ABSTRACT

Sixty years ago, in Britain, my Father, like many others living in the country, competed in growing the biggest marrow. Naughty children would sometimes surreptitiously carve their initials, or a rude word, on the immature vegetable, and watch it all grow. We would also carve our names on our school desks, on the bark of trees, or on the soft sandstone surface of rocky outcrops. Waiting at the bus stop after school we would bore cupule-shaped holes in the sandstone wall with the large penny coins of the day. (In those days, ‘Penny please’ secured you a bus ride, and a ticket punched melodiously by a wonderful silver box worn on the conductor’s leather belt.) In public toilets we would wonder at the explicit messages and the crude anatomical drawings on the walls, some seemingly reminiscent of the ‘vulva’ symbols in rock shelters imputed, together with ancient cupule patterns, by archaeologists to fertility rites or other religious rituals.
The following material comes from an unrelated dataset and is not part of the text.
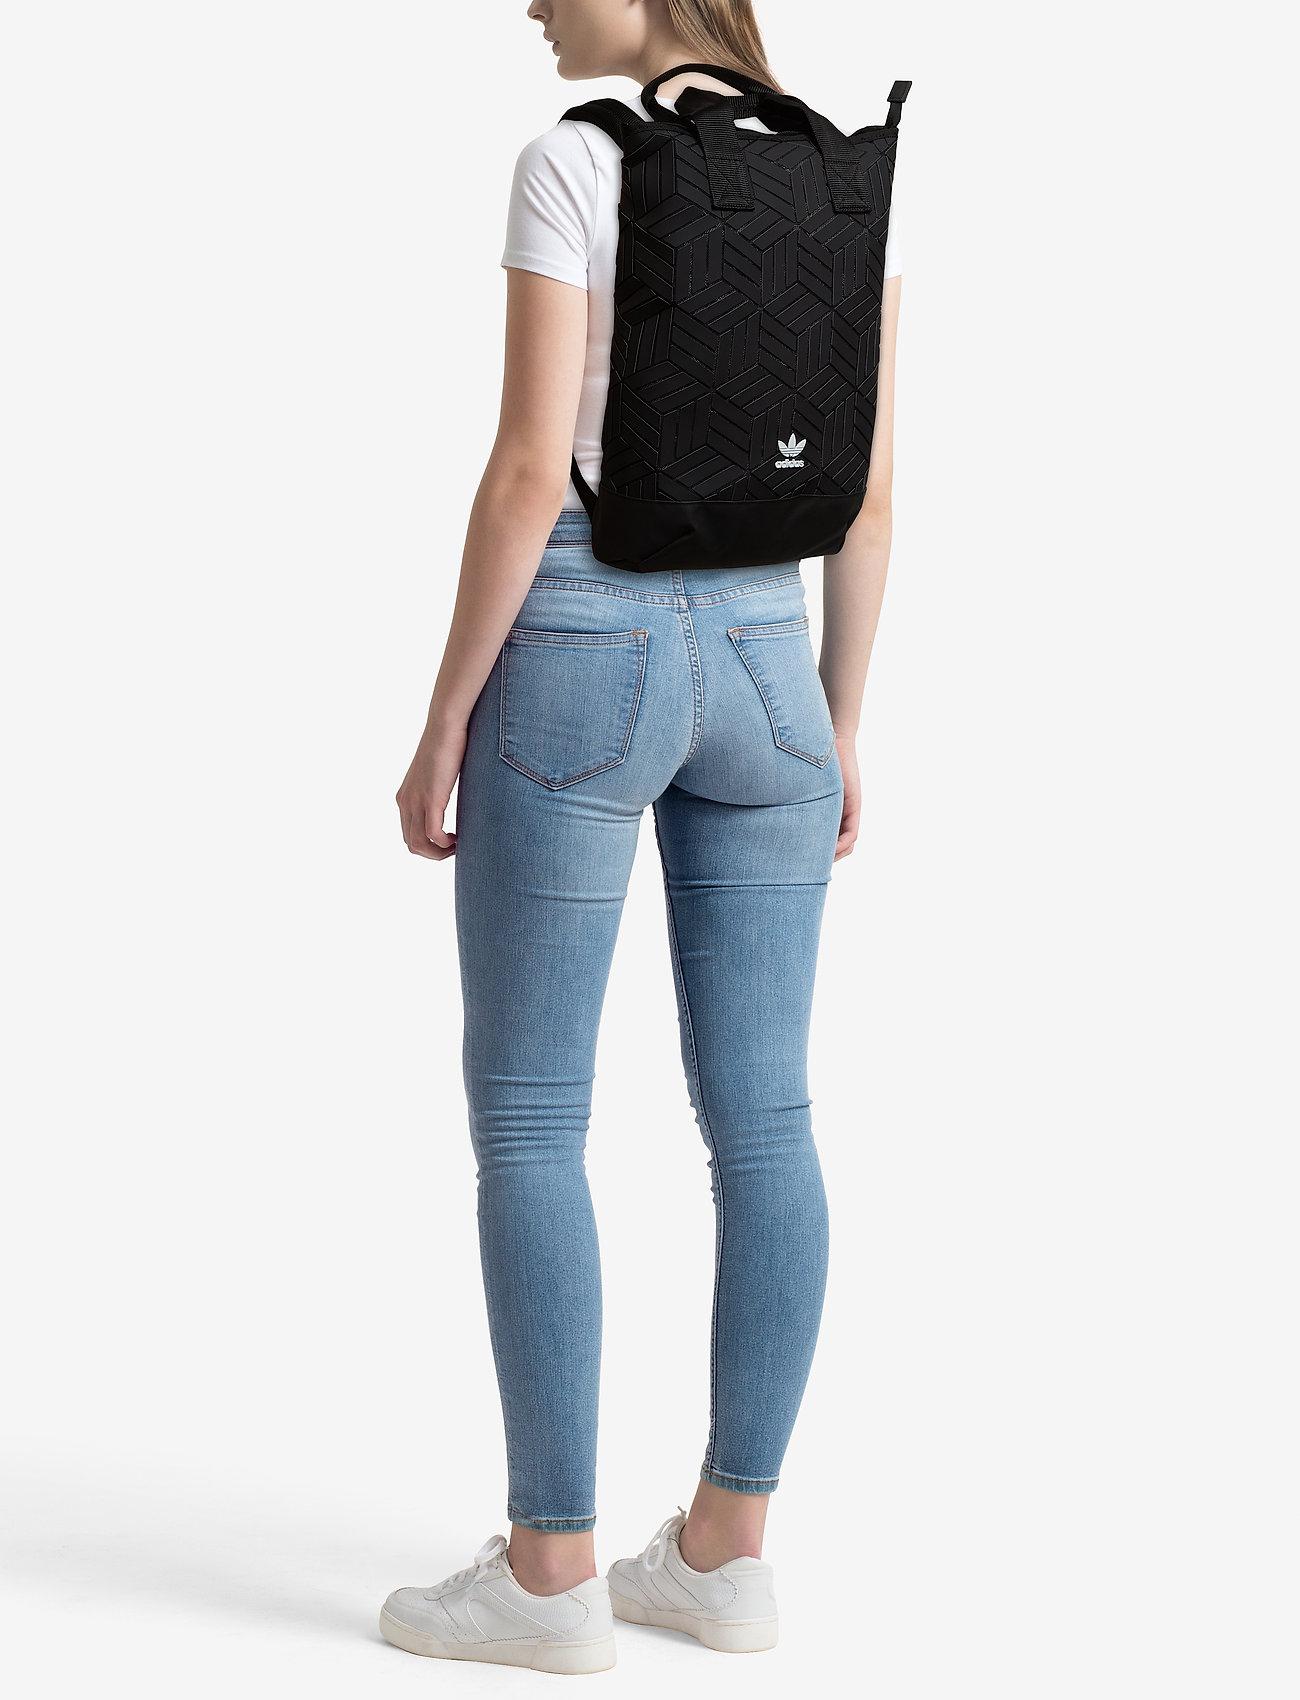 43736fa0c24eb Bp Roll Top 3d (Black) (£44.07) - adidas Originals -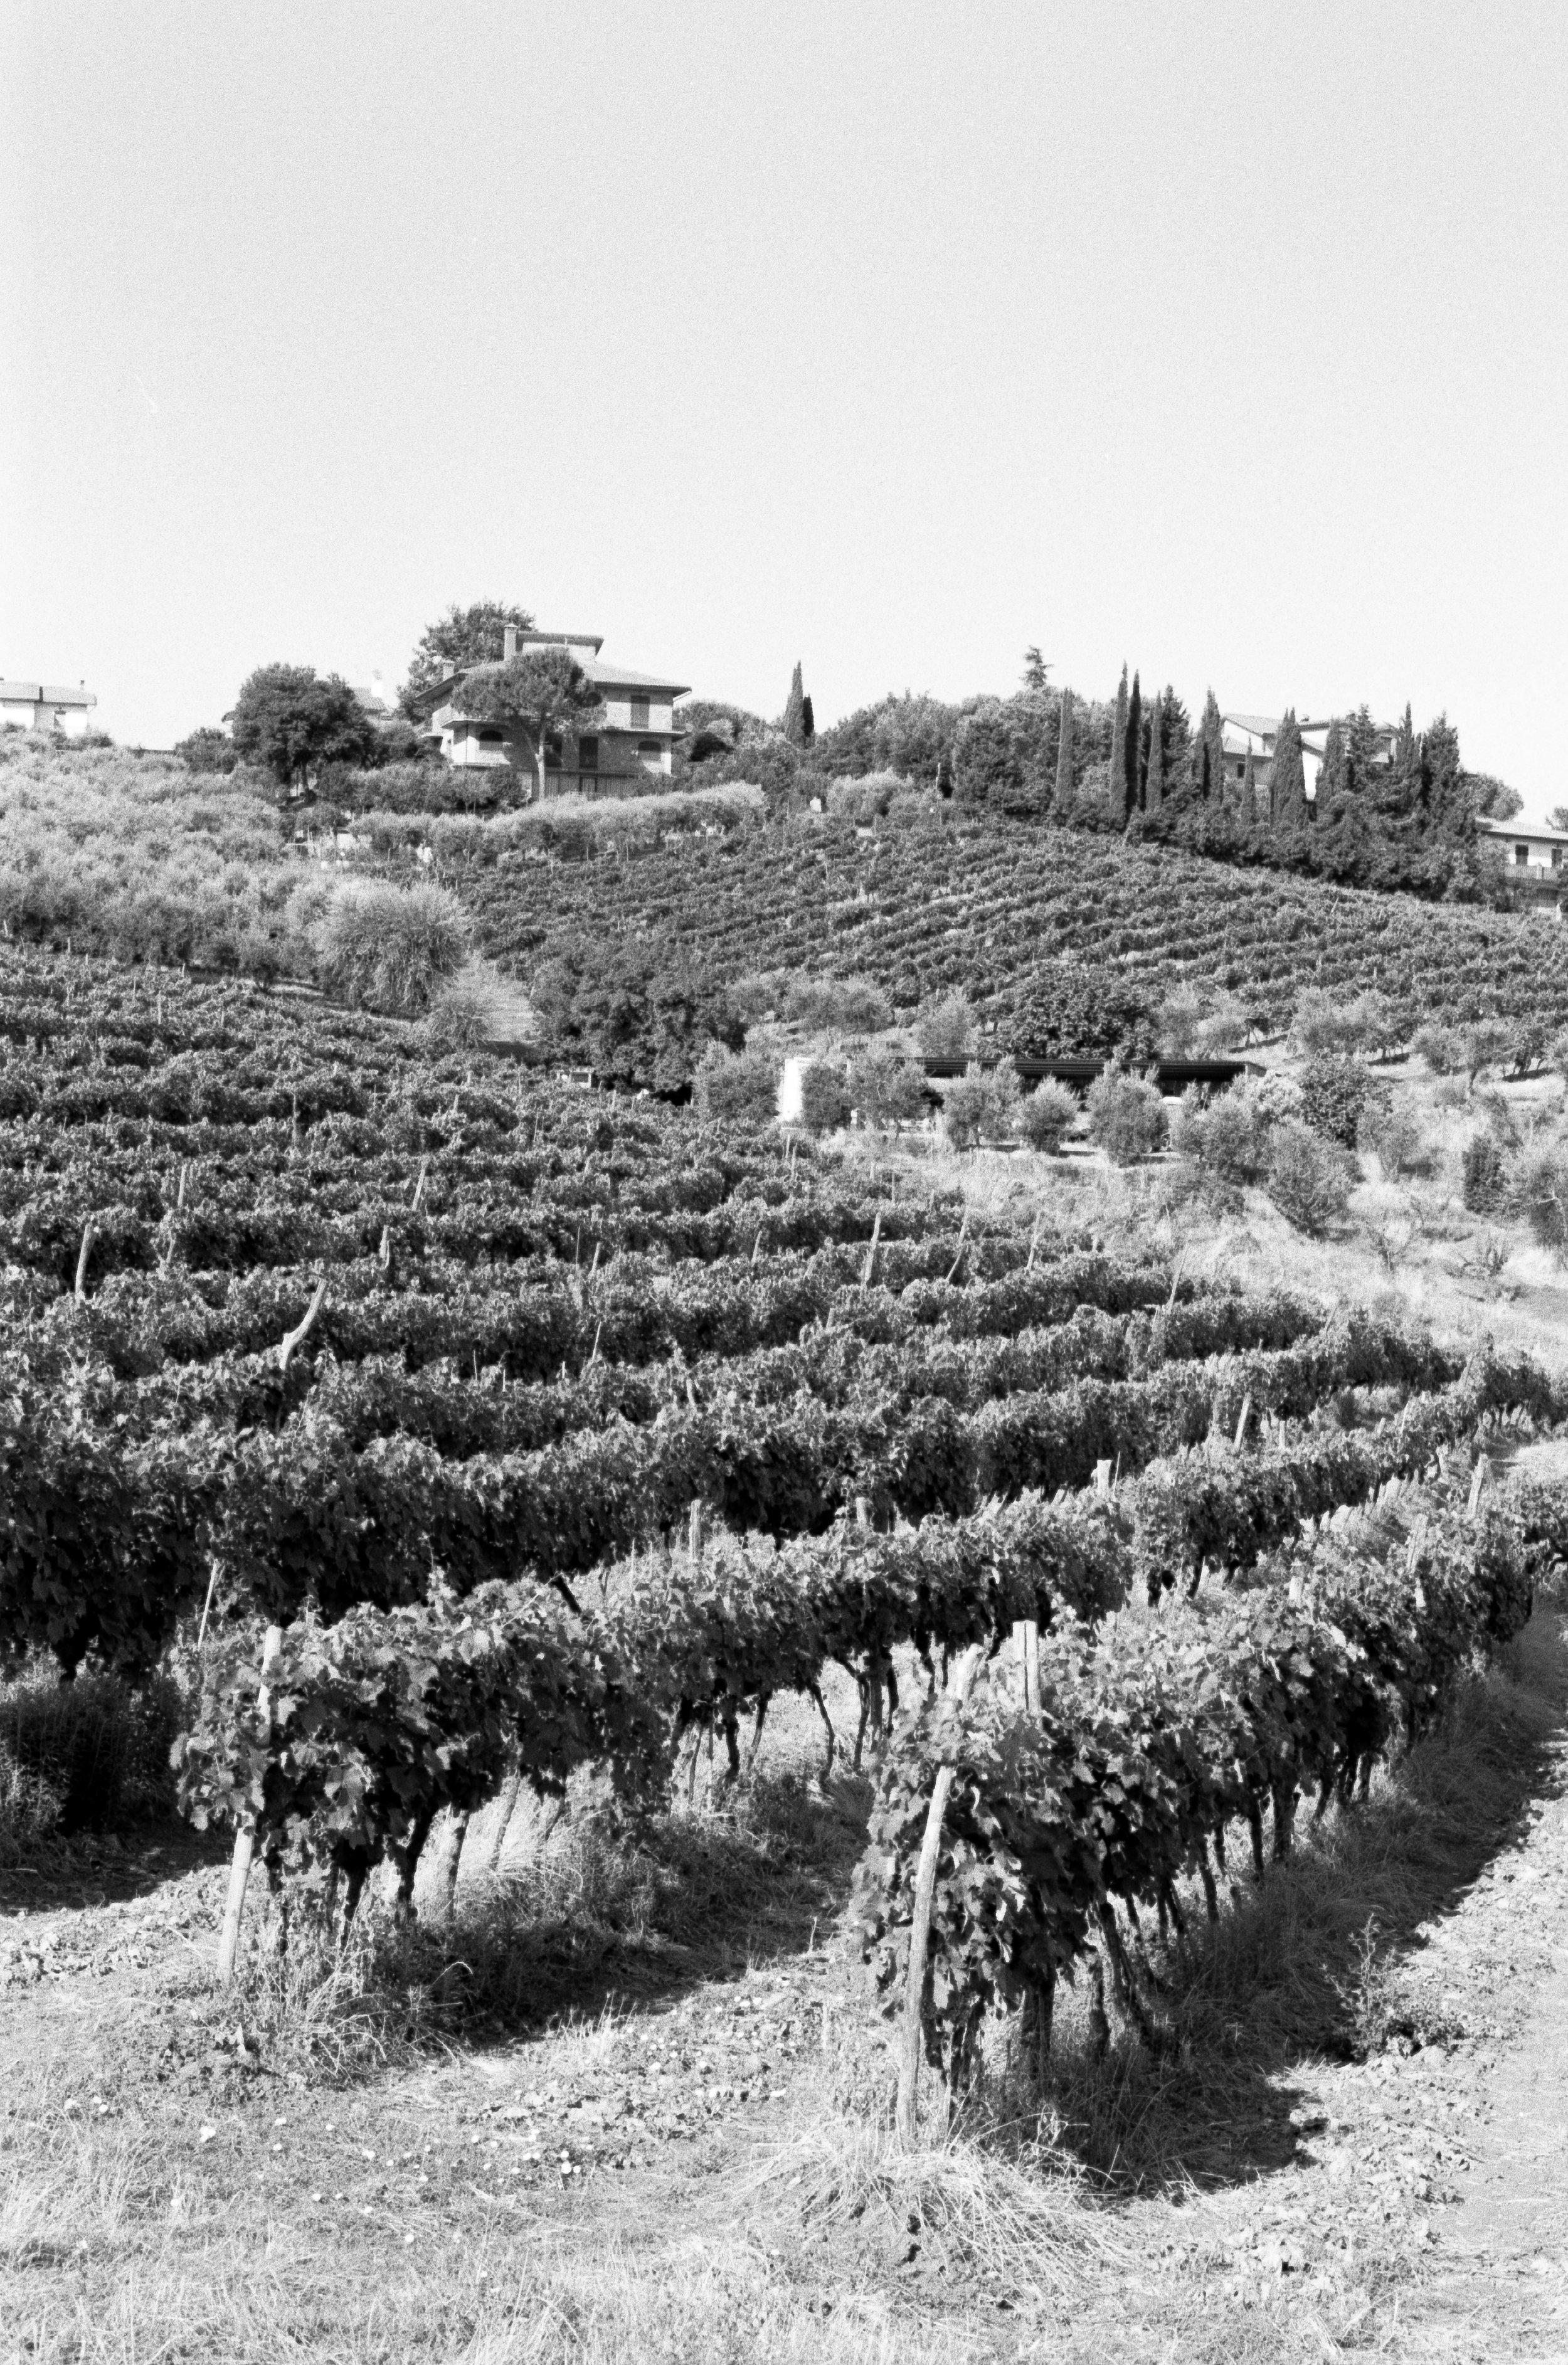 Vineyard, Scipione-Podere Moricci. Montaione. Italy. 2019.

So were these really vulval representations, or are we nowadays seriously missing the point, if they represented in fact something quite different, and we are simply seeing what we might nowadays expect to see on walls in public places? And if they really were crude vulval images, does that merely make them graffiti, maybe juvenilia by immature and hormonally challenged Palaeolithic adolescents? Can graffiti be considered in the context of art, any more than a ‘Kilroy was here’ message, or modern defacing ‘tags’ scrawled on buildings and signage?